Mais la sensation, ou le sentiment de la guerre, une autre scène, avec plus d’originalité, le donne encore plus délicat et plus profond : c’est la scène de la sentinelle, au commencement du troisième acte. Ce qu’il n’a pu rendre par la force (témoin l’inutile fracas, dans le premier entr’acte, des tambours, clairons, fifres et autres instrumens belliqueux), le musicien, aidé du librettiste, qu’on peut appeler ici le poète, l’a rendu par la simplicité, la mélancolie et la douceur. On sait que les tableaux guerriers en musique, j’entends en musique de théâtre, sont le plus souvent écourtés et vulgaires : pendant que l’orchestre fait du bruit, choristes et figurans font des gestes ; les uns de menace (les vainqueurs), les autres (les vaincus) de terreur et de prière. Au nombre de ces derniers on remarque d’ordinaire une femme défendant ses enfans et un évêque traîné au supplice (voir notamment le massacre au troisième acte du Prophète, et toutes les scènes de carnage dans tous les opéras). L’effet alors n’est qu’extérieur et grossier. Au contraire il est pénétrant ici, où l’accord de la poésie, de la musique, de la décoration et de la mise en scène nous donne une impression non encore éprouvée, nous montre l’invasion, douloureuse non seulement à l’envahi, mais à l’envahisseur même, et la guerre incomprise et déplorée par un pauvre petit soldat qui monte la garde et chante tristement sur des ruines.
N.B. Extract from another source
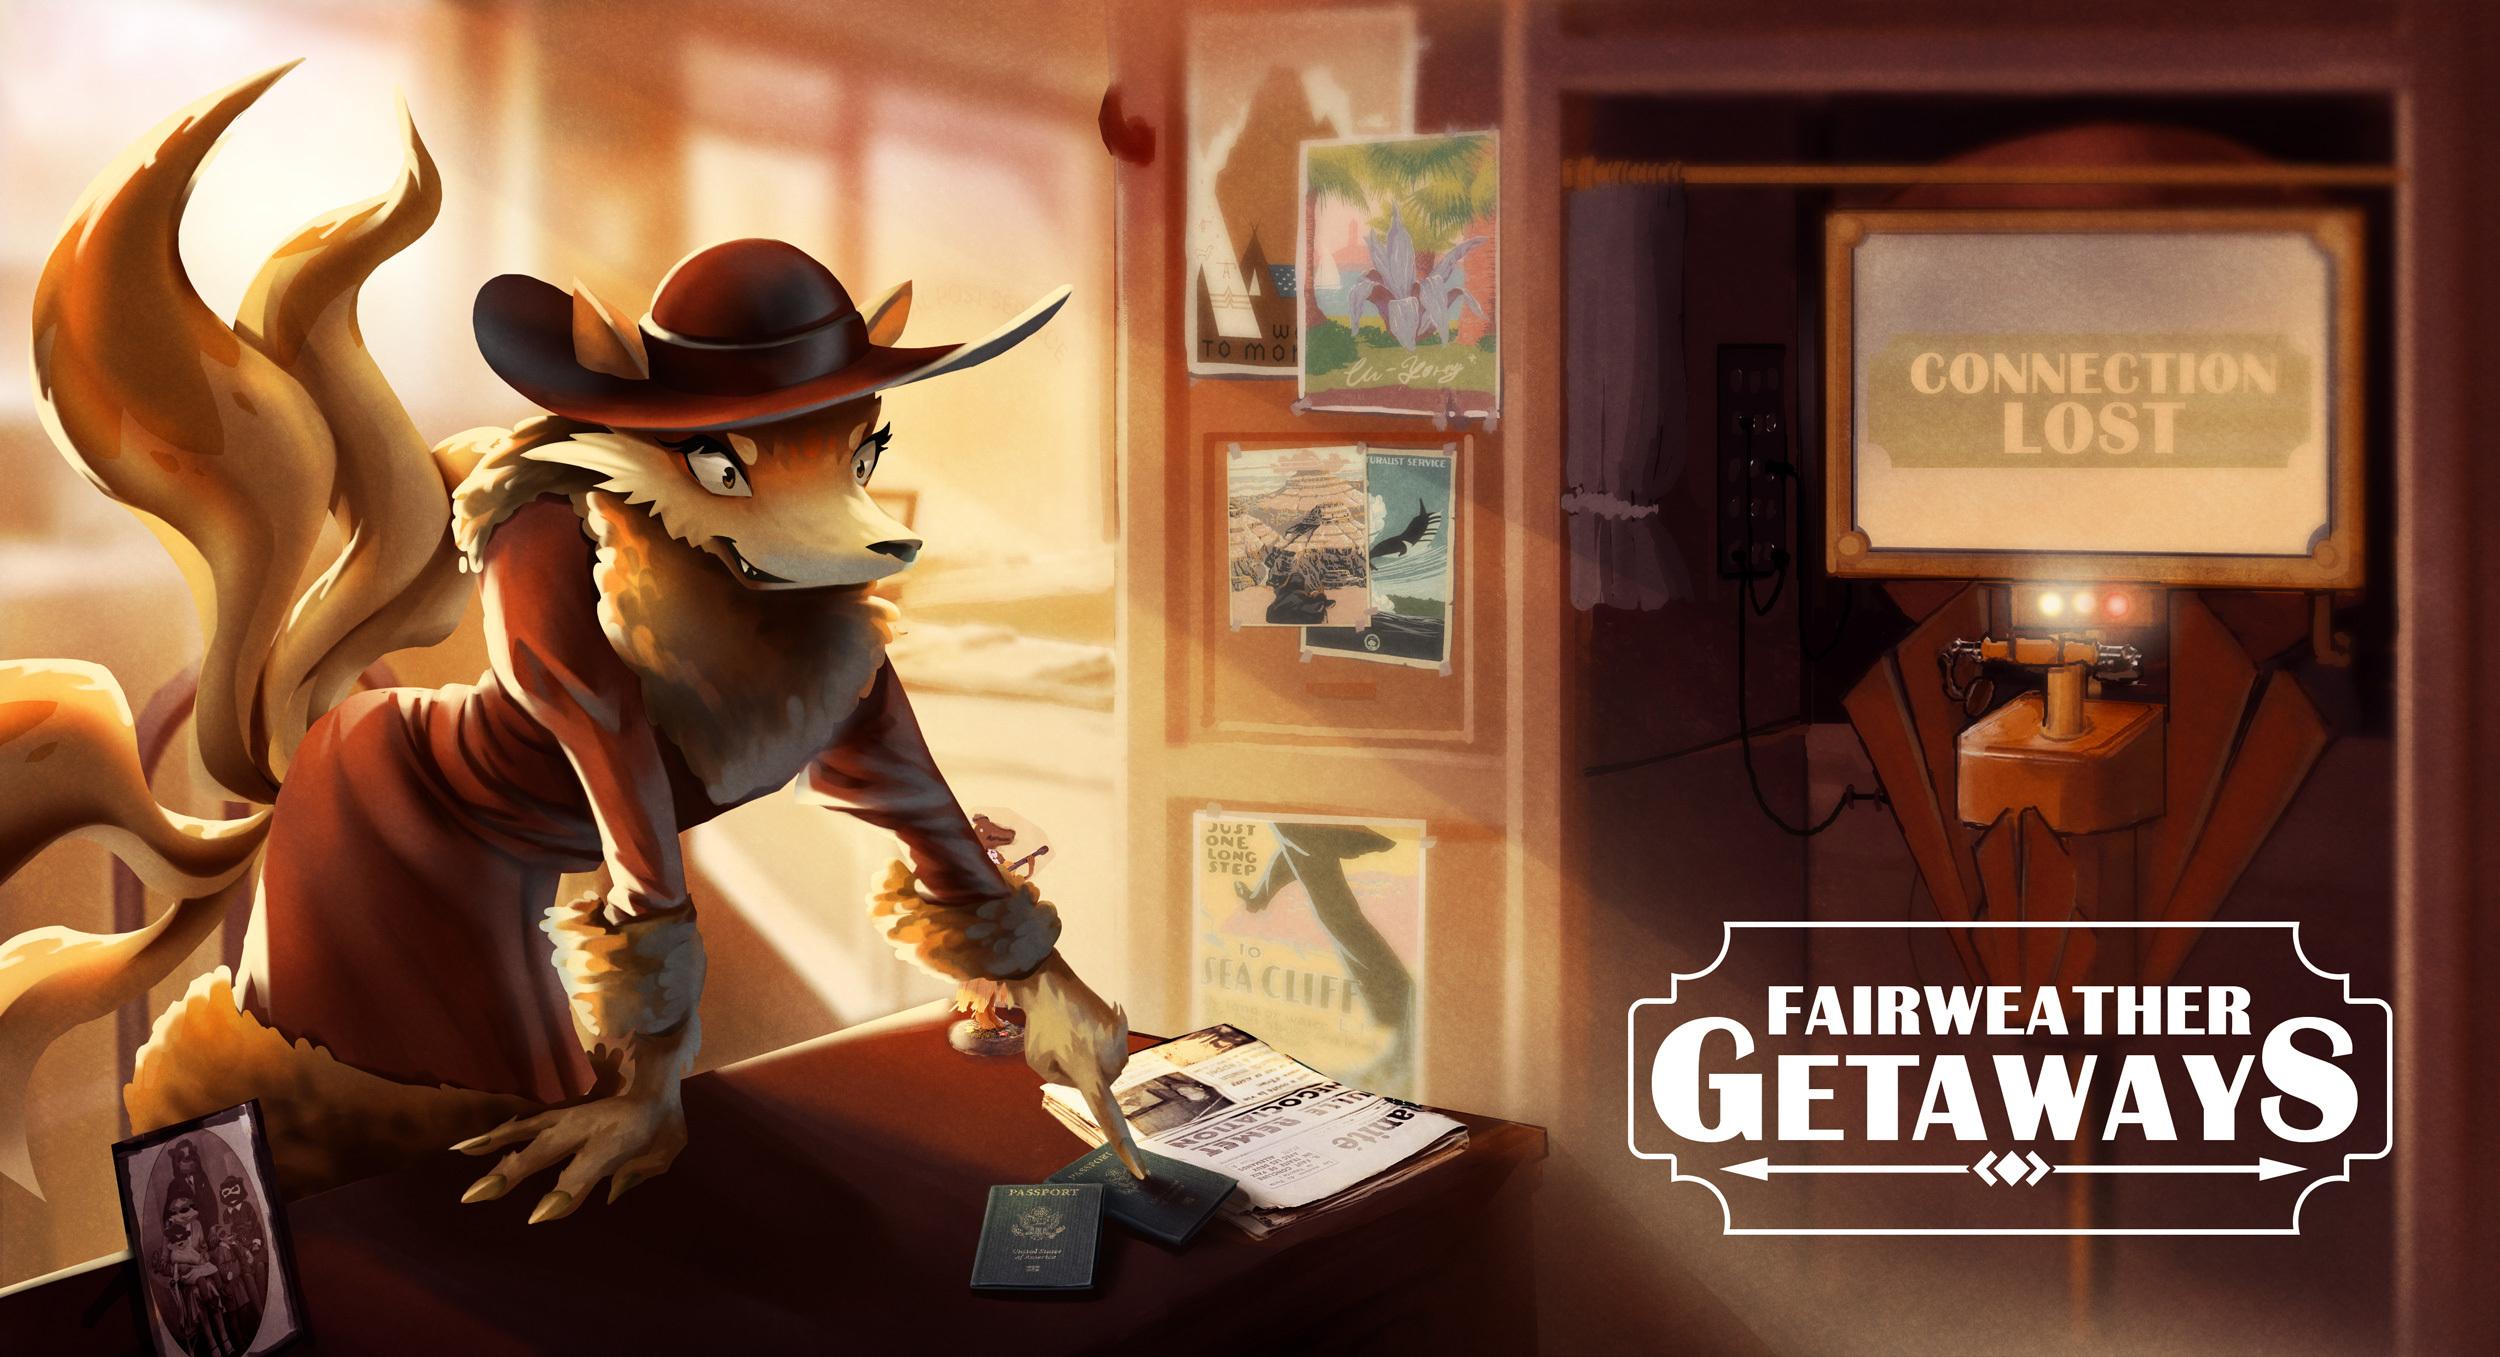 fairweather getaways

Rien de commun, encore moins de brutal, rien que de sobre et de fin dans cet épisode. L’entr’acte symphonique qui le précède ne fait que répéter le prélude même de l’œuvre, auquel est donnée pour épigraphe, dans la partition, cette phrase de la nouvelle originale : « Jamais une paix plus large n’était descendue sur un coin plus heureux de nature. »

L’épigraphe est juste, et le large motif du prélude, le motif de la terre de France, exprime véritablement le bonheur et la paix. Il l’exprimait surtout au seuil de l’ouvrage, entonné par l’orchestre en toute sécurité, dans toute sa plénitude sonore. Or voyez quelles ressources possède la musique pour rendre d’une manière qui n’est qu’à elle les choses de l’ordre général, les choses de la pensée et du sentiment. Cette fois encore le rideau va se lever sur la terre de France, hélas ! non plus paisible, heureuse, mais vaincue et humiliée. Qui donc en redira le chant ? Non plus, de ses puissans archets, le quatuor à cordes ; mais le hautbois, de ses grêles soupirs, le hautbois à la fois pastoral et douloureux, et du fragile instrument s’exhalera la double détresse de la nature et de la patrie. Rien que ce changement de timbre annoncera des changemens plus profonds, et quand apparaîtra la campagne silencieuse, gardée par le soldat ennemi, on écoutera pour ainsi dire en arrière, et ce qu’on vient d’entendre achèvera, après l’avoir préparée, l’impression de ce qu’on voit.